### EXERCISE DATA

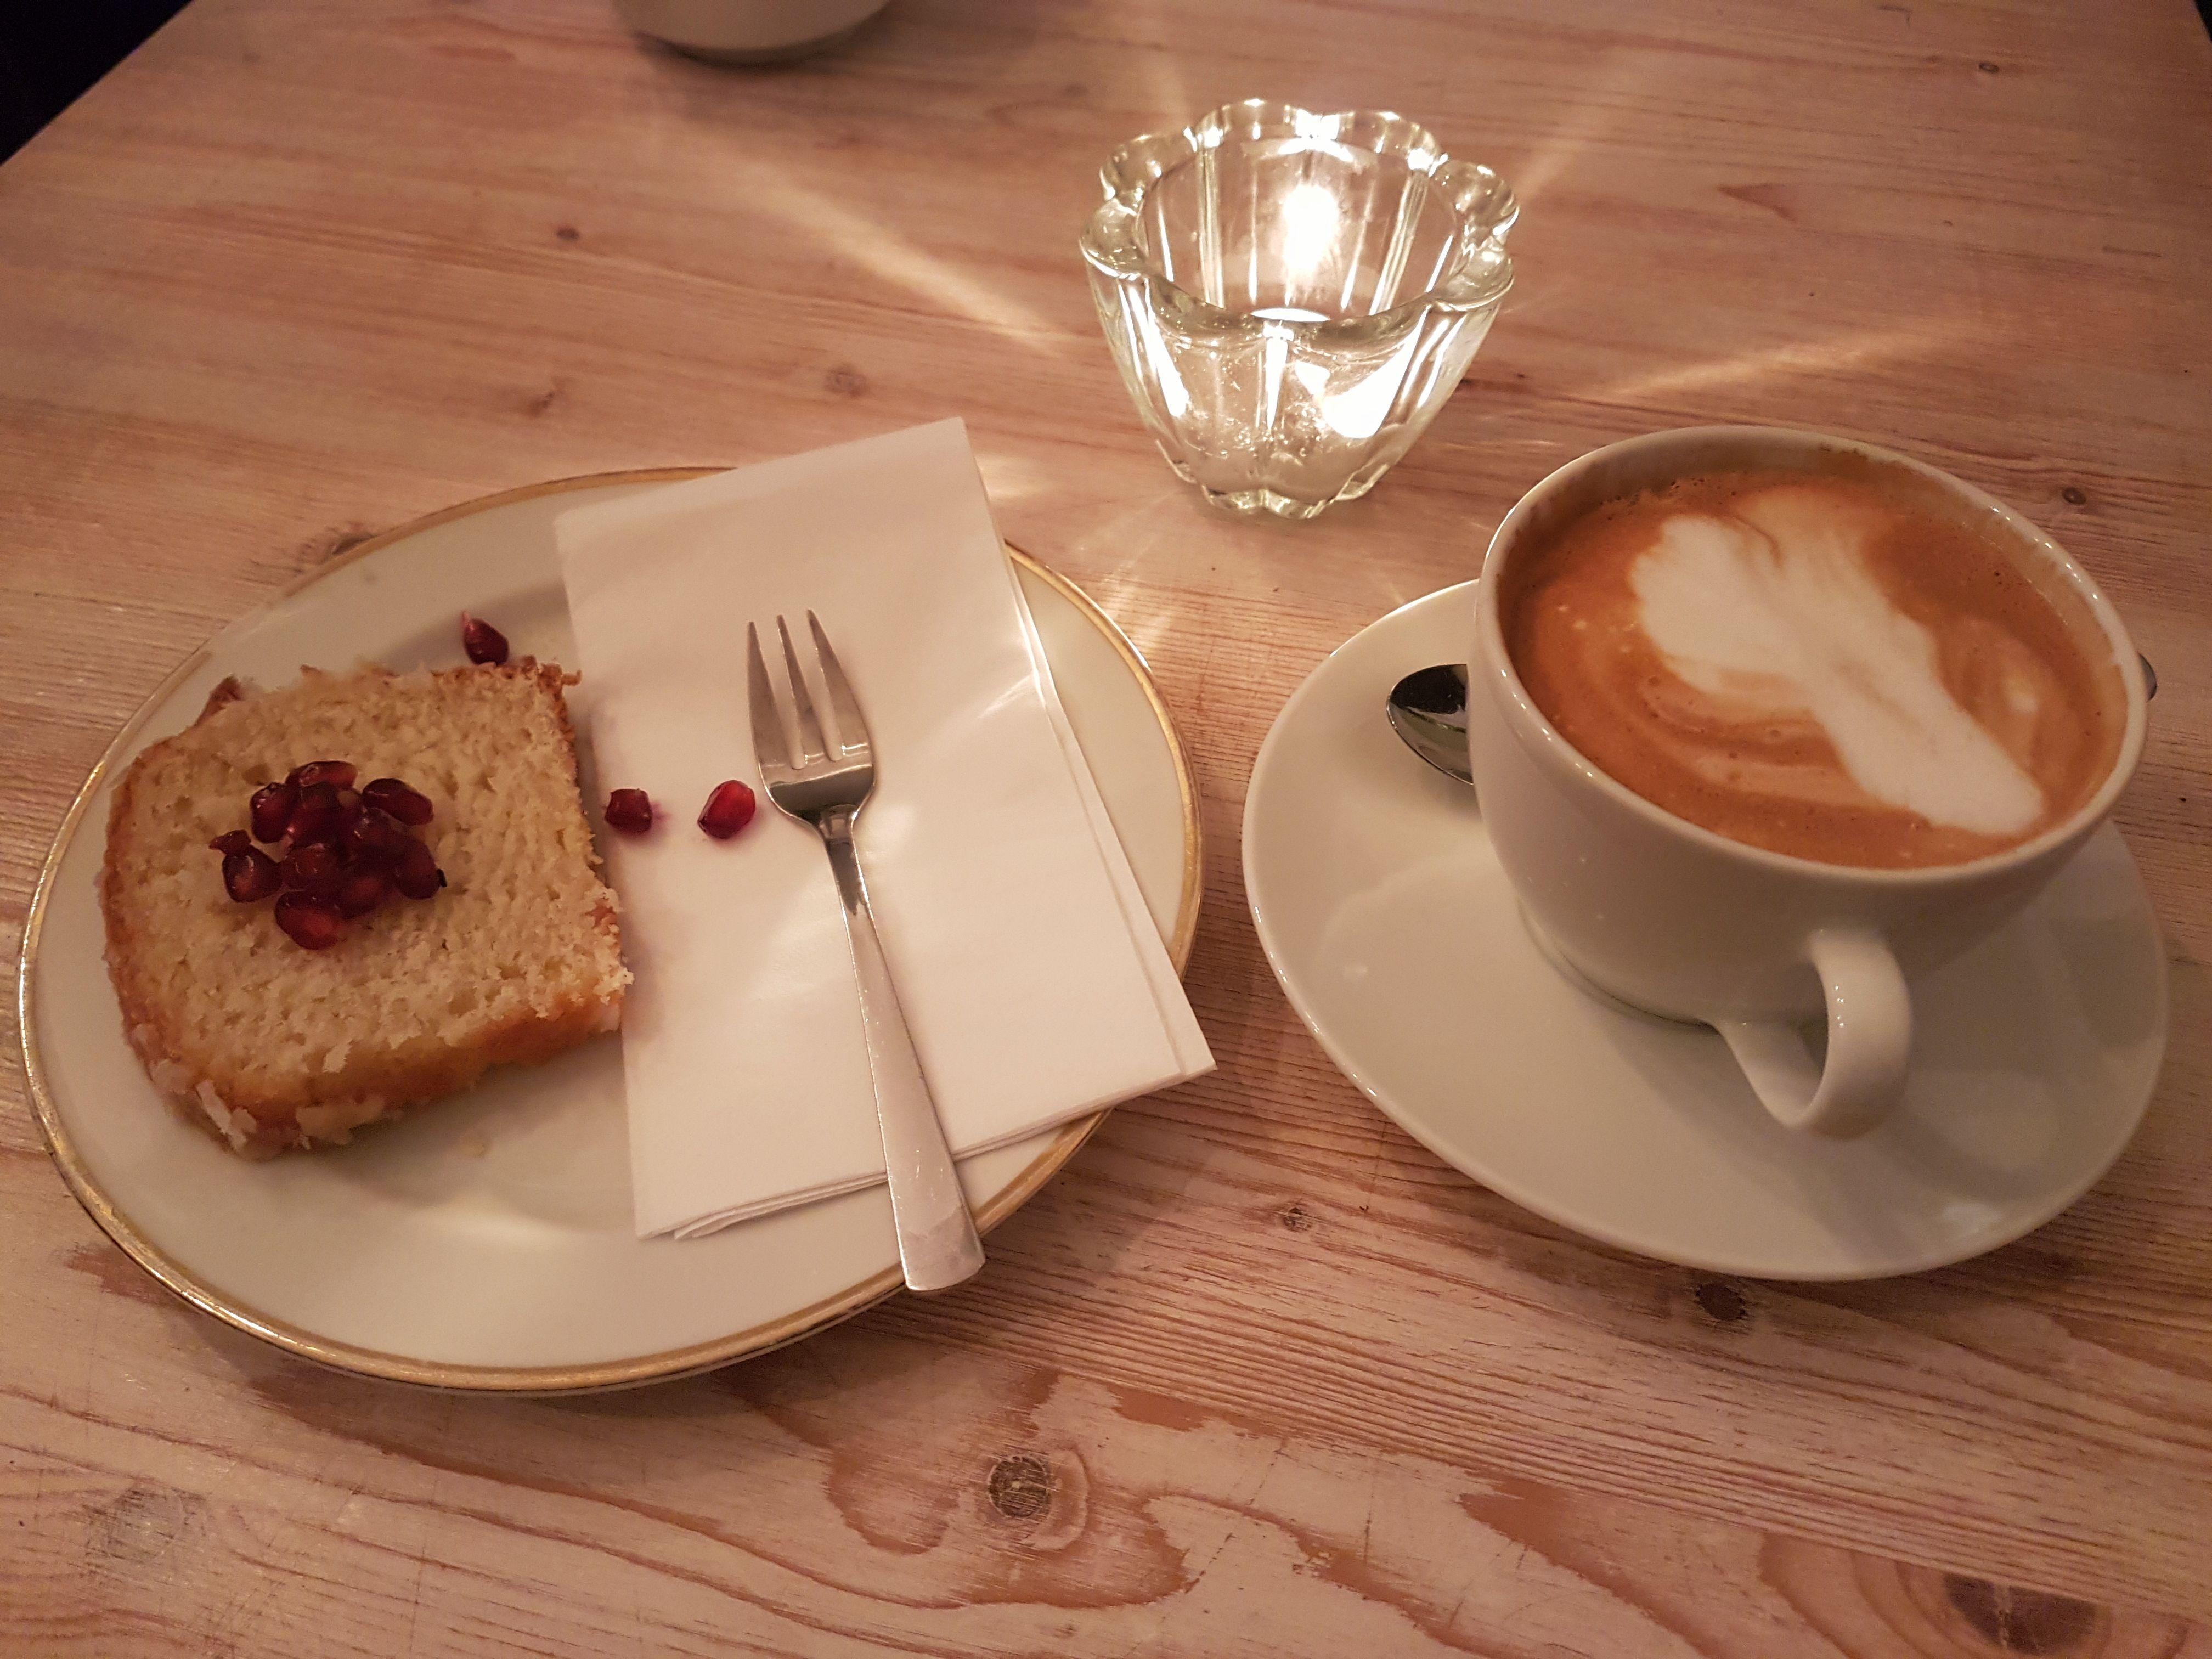 Neue Liebe cafe
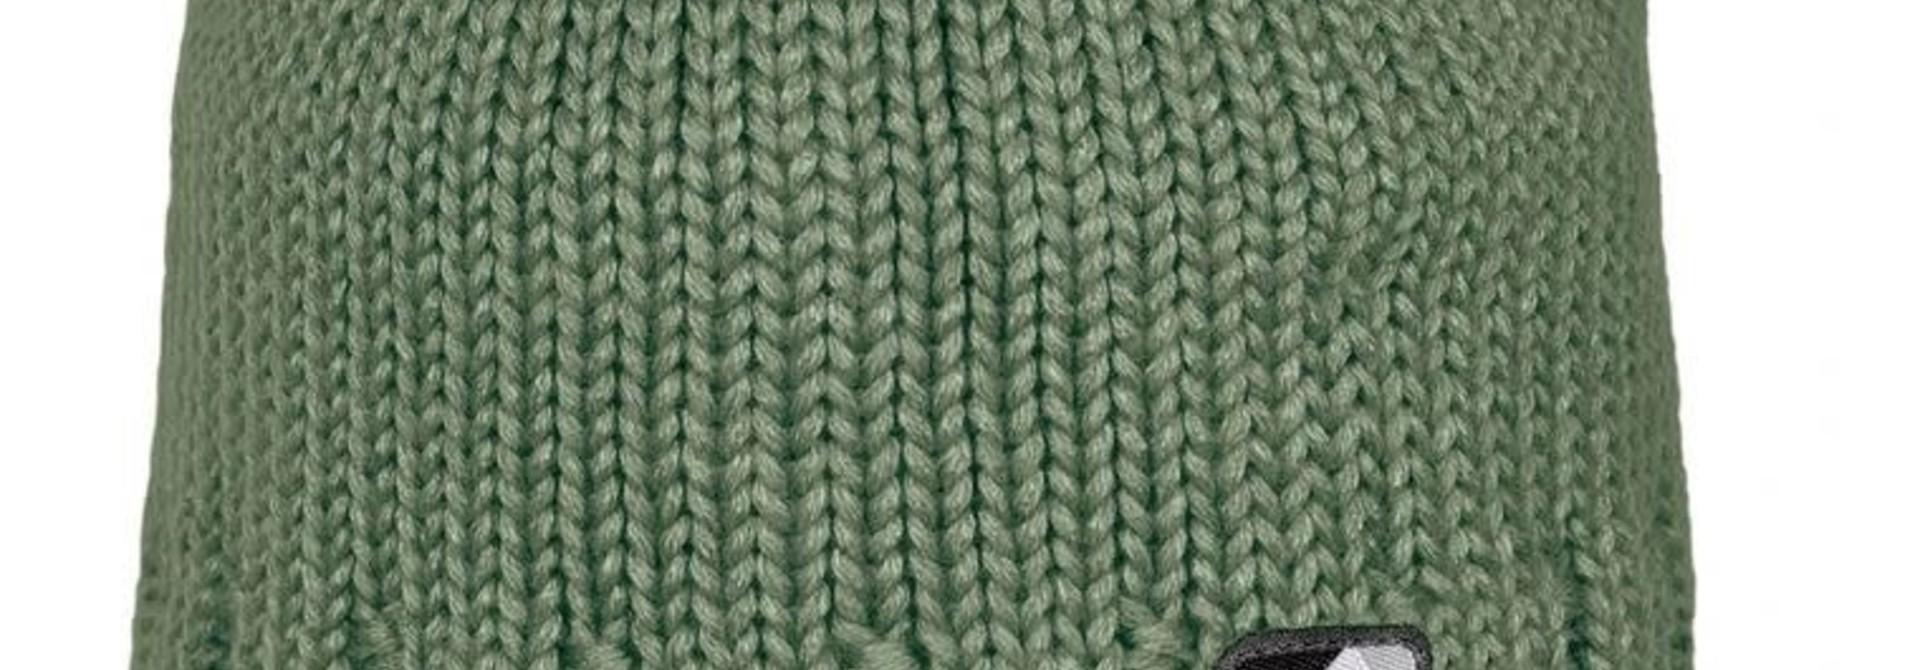 Bonnet en tricot - Kaki
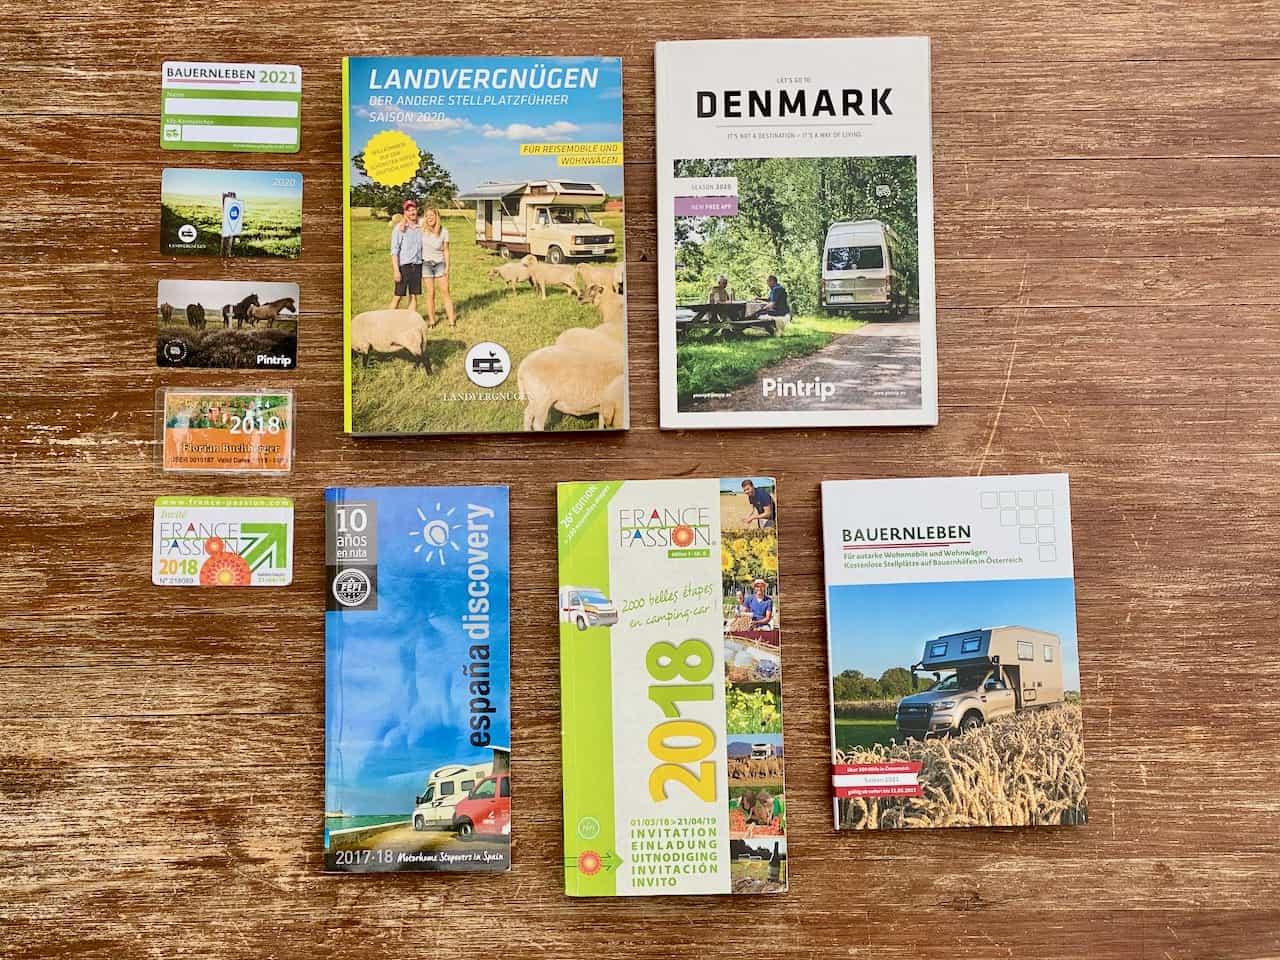 Etappenführer-Landvergnügen-Bauernleben-France-Passion-Printrip-Espana-Discovery-Greenstop24
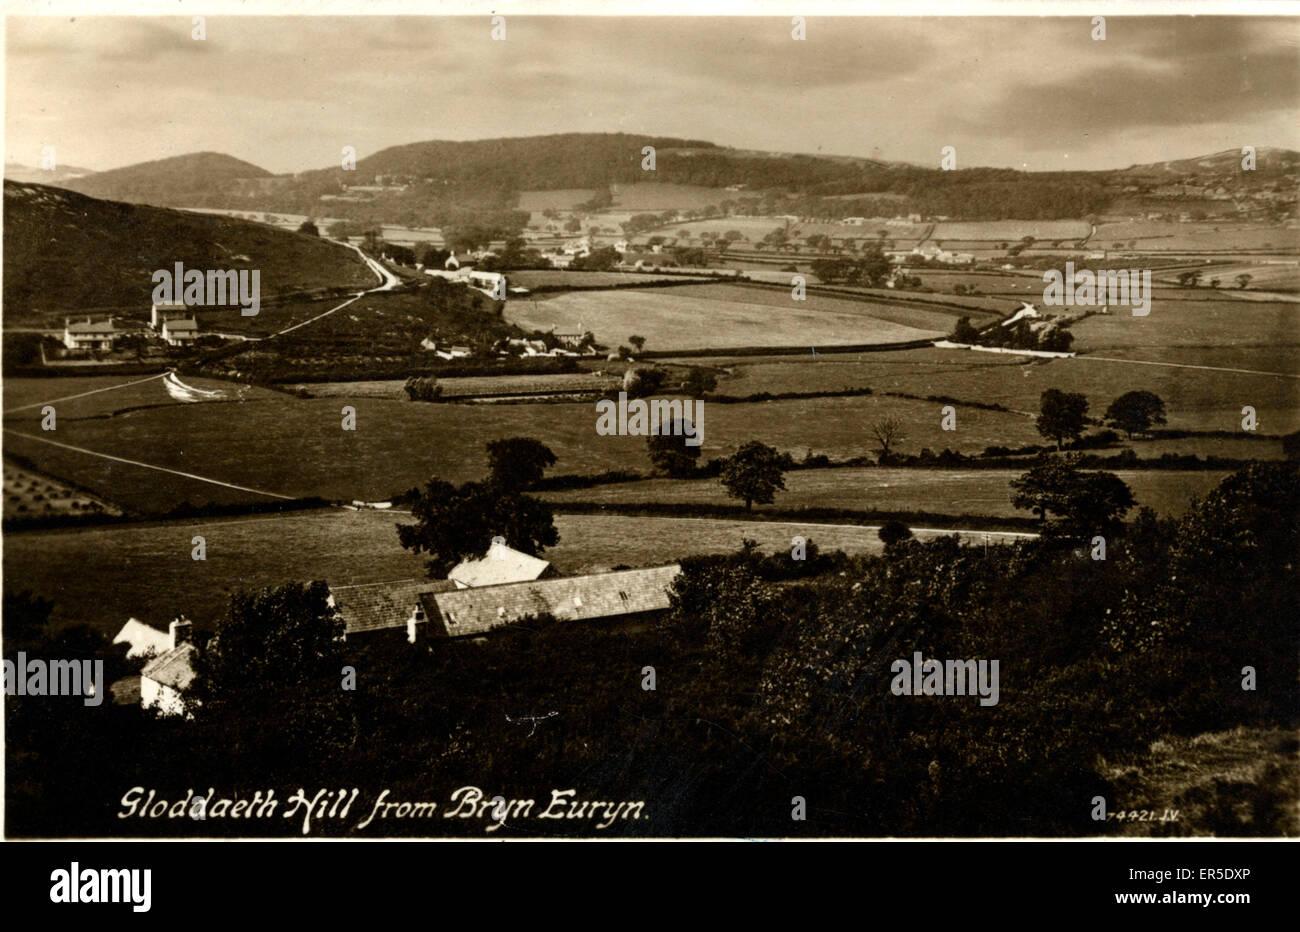 Gloddaeth Hill from Bryn Euryn, Colwyn Bay, near Rhos on Sea, Conwy/Clwyd, Wales.  1913 - Stock Image

### TASK ITEM
The answer is the full listing above, repeated exactly, with its pictures removed.

### THE COMPLETED TASK
 Neue Liebe cafe
 Bonnet en tricot - Kaki
 Etappenführer-Landvergnügen-Bauernleben-France-Passion-Printrip-Espana-Discovery-Greenstop24
 Gloddaeth Hill from Bryn Euryn, Colwyn Bay, near Rhos on Sea, Conwy/Clwyd, Wales.  1913 - Stock Image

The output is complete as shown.